Critical micelle concentration (CMC) is a known indicator for surfactants such as corrosion
inhibitors ability to partition from two phase systems such as oil and water. Most corrosion
inhibitors are surface active and at critical micelle concentration, the chemical is partitioned to
water, physadsorb on metallic surfaces and form a physical barrier between steel and water.
This protective barrier thus prevents corrosion from taking place on the metal surface When the
applied chemical concentration is equal or higher than the CMC, the chemical is available in
aqueous phase, thus preventing corrosion. Therefore, it was suggested that CMC can be used
as an indicator of optimal chemical dose for corrosion control1. The lower the CMC of a
corrosion inhibitor product, the better is this chemical for corrosion control as the availability of
the chemical in the aqueous phase increase and therefore, can achieve corrosion control with
less amount of chemical. In this work, this physical property (CMC) was used as an indicator to
differentiate corrosion inhibitor performance.

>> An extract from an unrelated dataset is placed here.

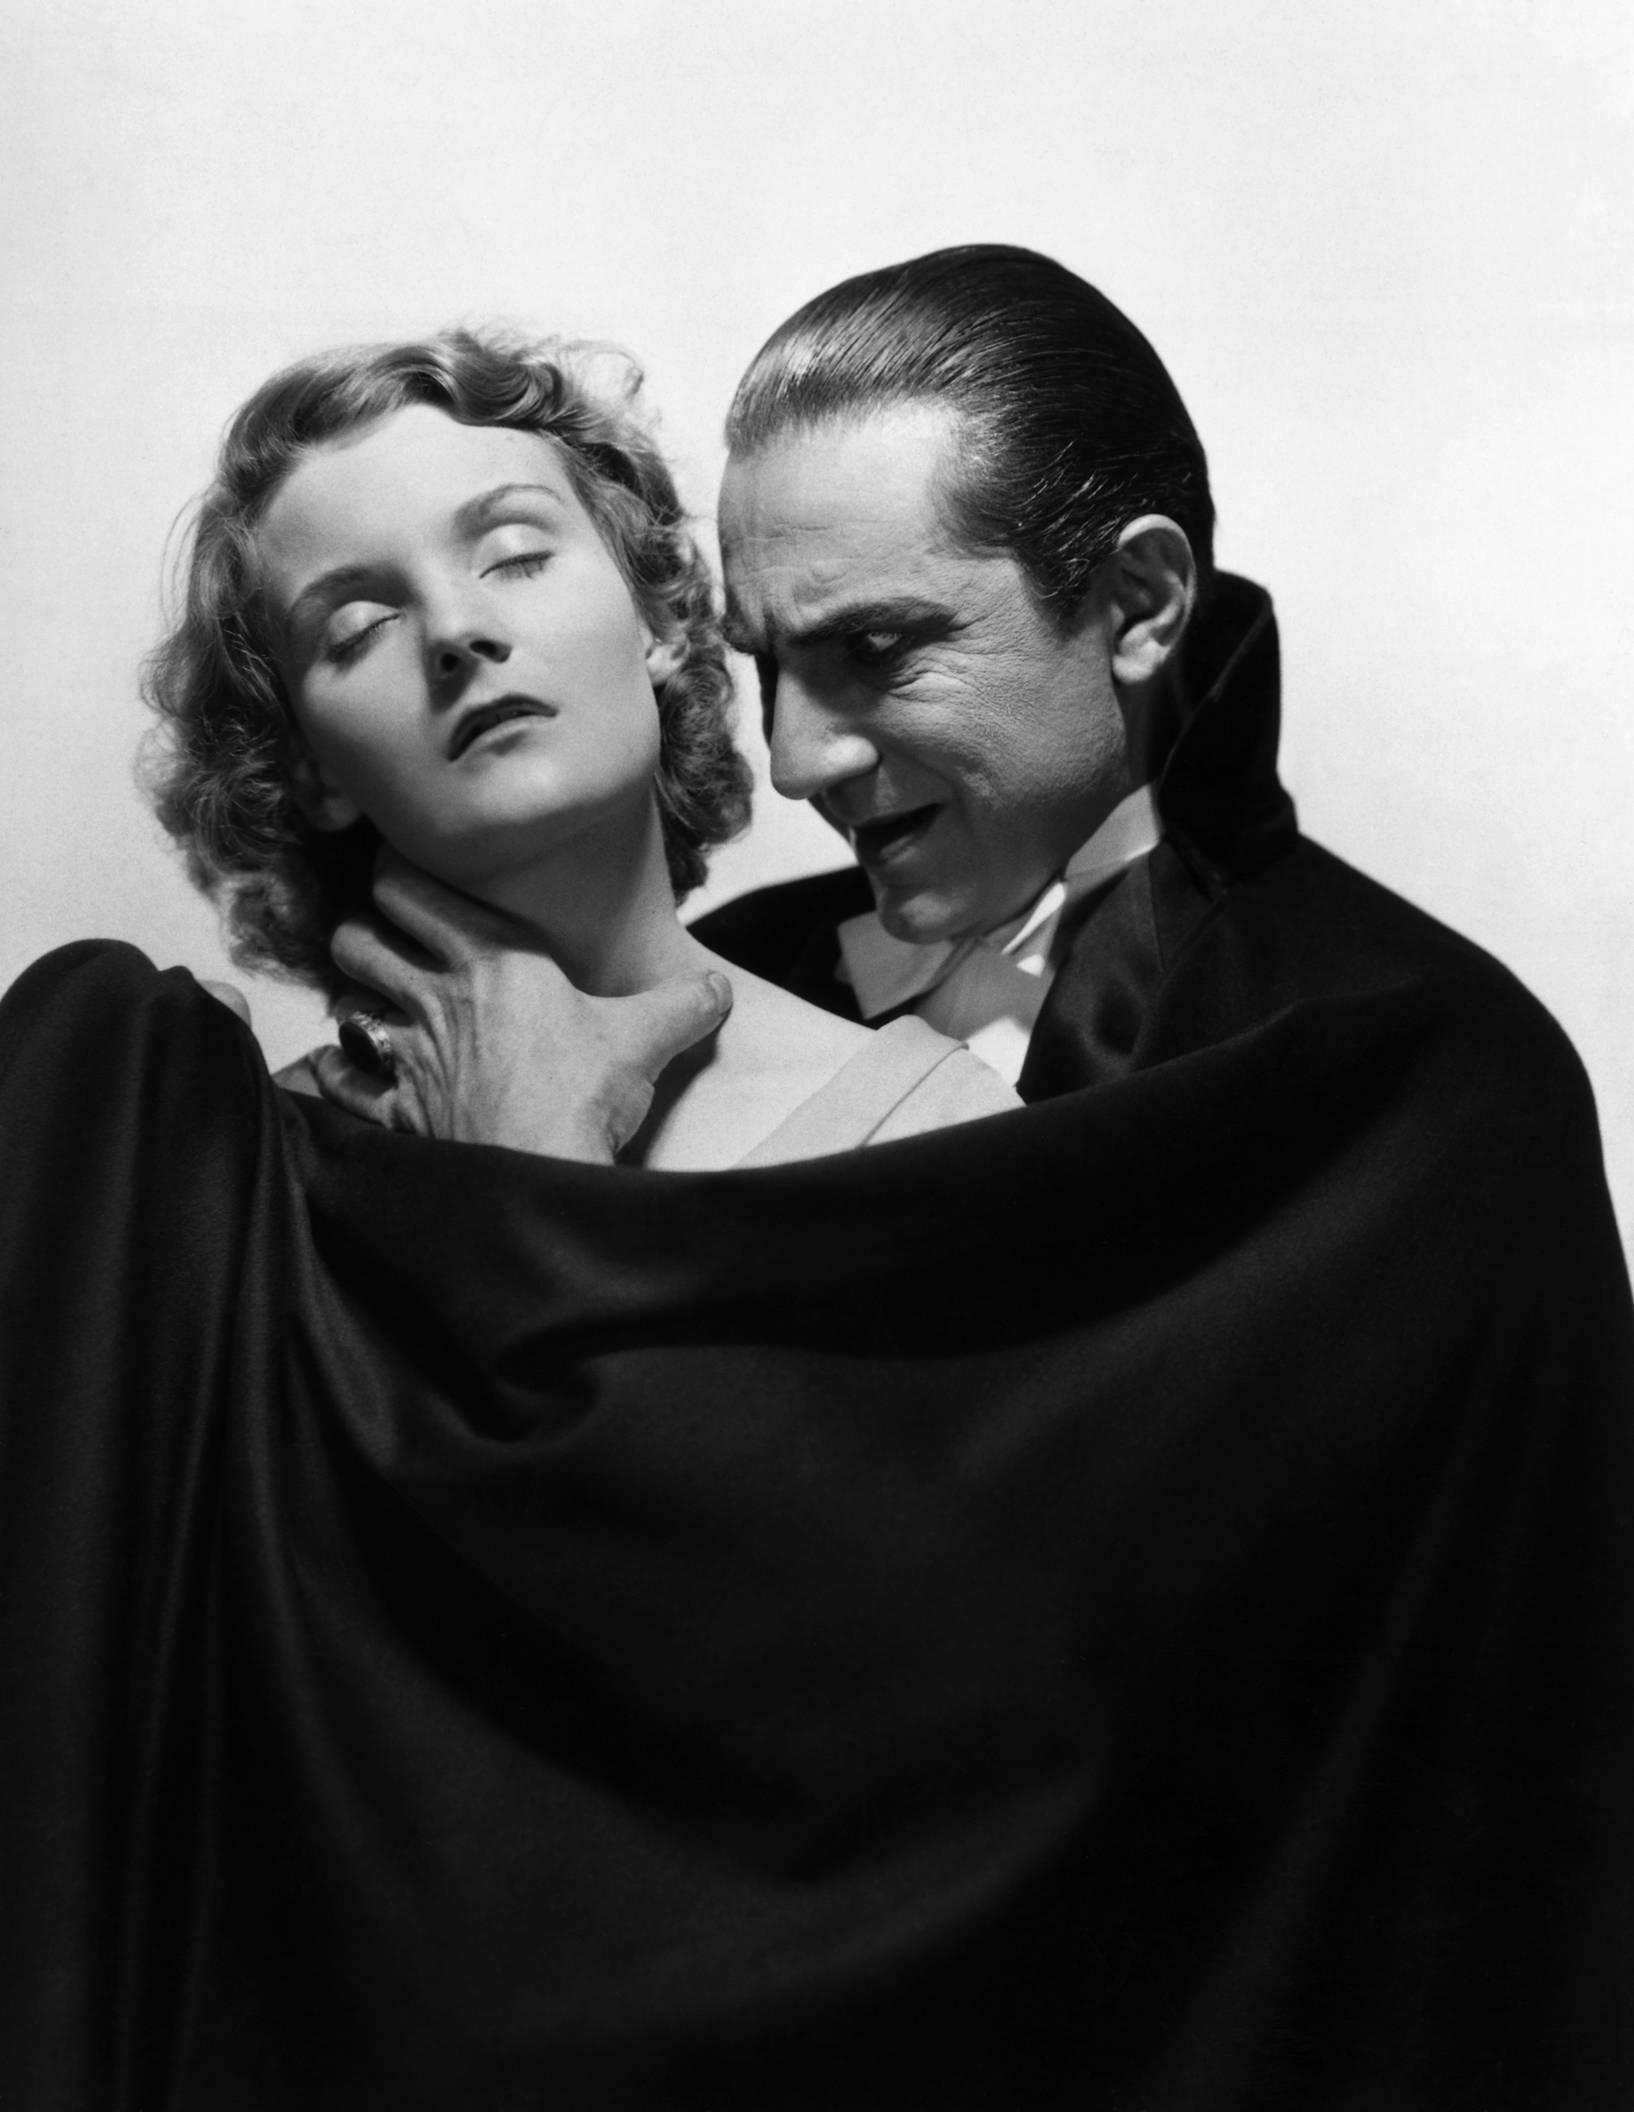 Bela Lugosi With Helen Chandler

The corrosion inhibitor formulations were built out by using combinatorial chemical methods
and the arrays of chemical formulations were screened by utilizing high throughput robotics 2 using CMC as the selection guide. To validate the concept, several known corrosion inhibitor
formulas were selected to optimize their efficacy. Each formula contained several active
ingredients and a solvent package. These raw materials were blended in random but in a
control, manner using combinatorial methodologies. Instead of rapidly blending a large number
of formulations using robotics, the design of control (DOE) methods were utilized to constrain
the number of blends.
Once the formulations were generated by DOE method, using Design Expert software that can
effectively explore a desired space. The development of an equally robust prescreening
analysis was also developed. This was done by using the measurements of CMC with a highthroughput
screening methodology. After formulation of a vast array of formulation by using
Design Expert software, the products were screened for by CMC using automated surface
tension workstation. Several formulations with lower CMC than the reference products were
selected.
The selected corrosion inhibitor formulations were identified and blended in larger scales. The
efficacy of these products was tested by classical laboratory testing methods such as rotating
cylinder electrode (RCE) and rotating cage autoclave (RCA) to determine their performance as
anti-corrosion agents. These tests were performed against the original reference corrosion
inhibitor.
The testing indicated that several corrosion inhibitor formulations outperform the original blend
thus validating the proof of concept.